You might say that I’m in a great mood about all of this.  I’ve known for the last few days at least that I must have lost some size, because I didn’t have to fight to get into any of my jeans this week.  I was kind of thinking that it was because they weren’t freshly laundered, but either way, my clothes are still fitting me a little better and I just feel a little lighter, overall.

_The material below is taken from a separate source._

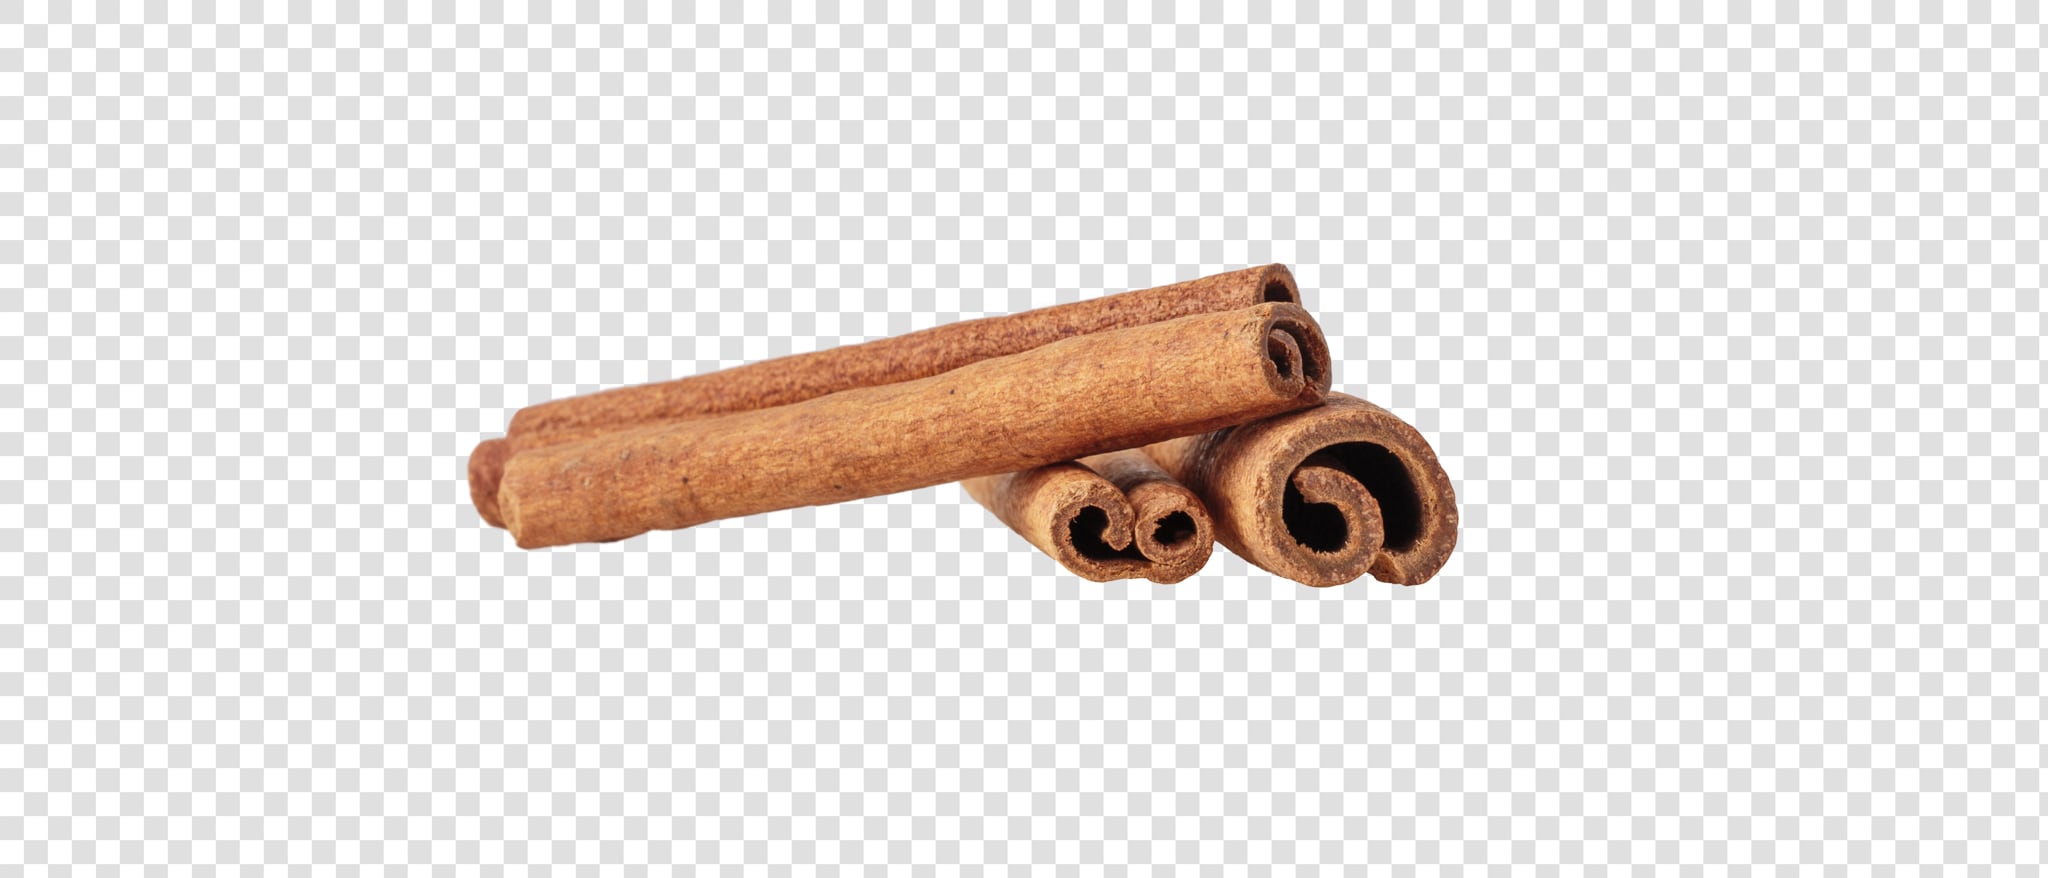 Cinnamon image with transparent background

As of today, I’m down 8.2 lbs overall, and back in a great place for my BMI.  From here on out, it’s going to be a little less about vanity and more about health.  From now on, I’ll be paying more attention to muscle definition as well as cutting the last 12 lbs (which I’m sure will fluctuate – there’s no way I dropped this fast and won’t be gaining a little, especially tomorrow at the state fair).  Last night while I was brushing my teeth, I noticed that my arm didn’t jiggle.  I can’t remember the last time that happened.  I’m really excited to keep working on getting my arms a little more svelte so I can wear sleeveless things, and taking the fat off of my thighs so I can wear short(er) skirts again.

Something I forgot to mention yesterday is that it was Day 15 of my 30 Day Bikram Challenge.  Day 15, and 13 classes in as of yesterday afternoon.  I never got around to telling any of my instructors that I’m following the challenge, but a couple  have noticed.  One instructor made a note in class of saying that teachers see when students are making the choice to come in day after day, even when it hurts, and that it’s a pleasure for them to see the positive change in their students’ lives.  I’m definitely feeling positive changes occurring.  It’s not just in my body, or my ability to endure heat and sweat and Awkward pose.  It’s about my overall ability to hang in there and remain calm.  This is going to be of great use to me in the future.  I’m already enjoying the fact that I haven’t had a panic attack since I started going to Bikram again almost a month and a half ago.  I’m also able to be calm and just breathe when things are getting out of hand – that never used to be in my command.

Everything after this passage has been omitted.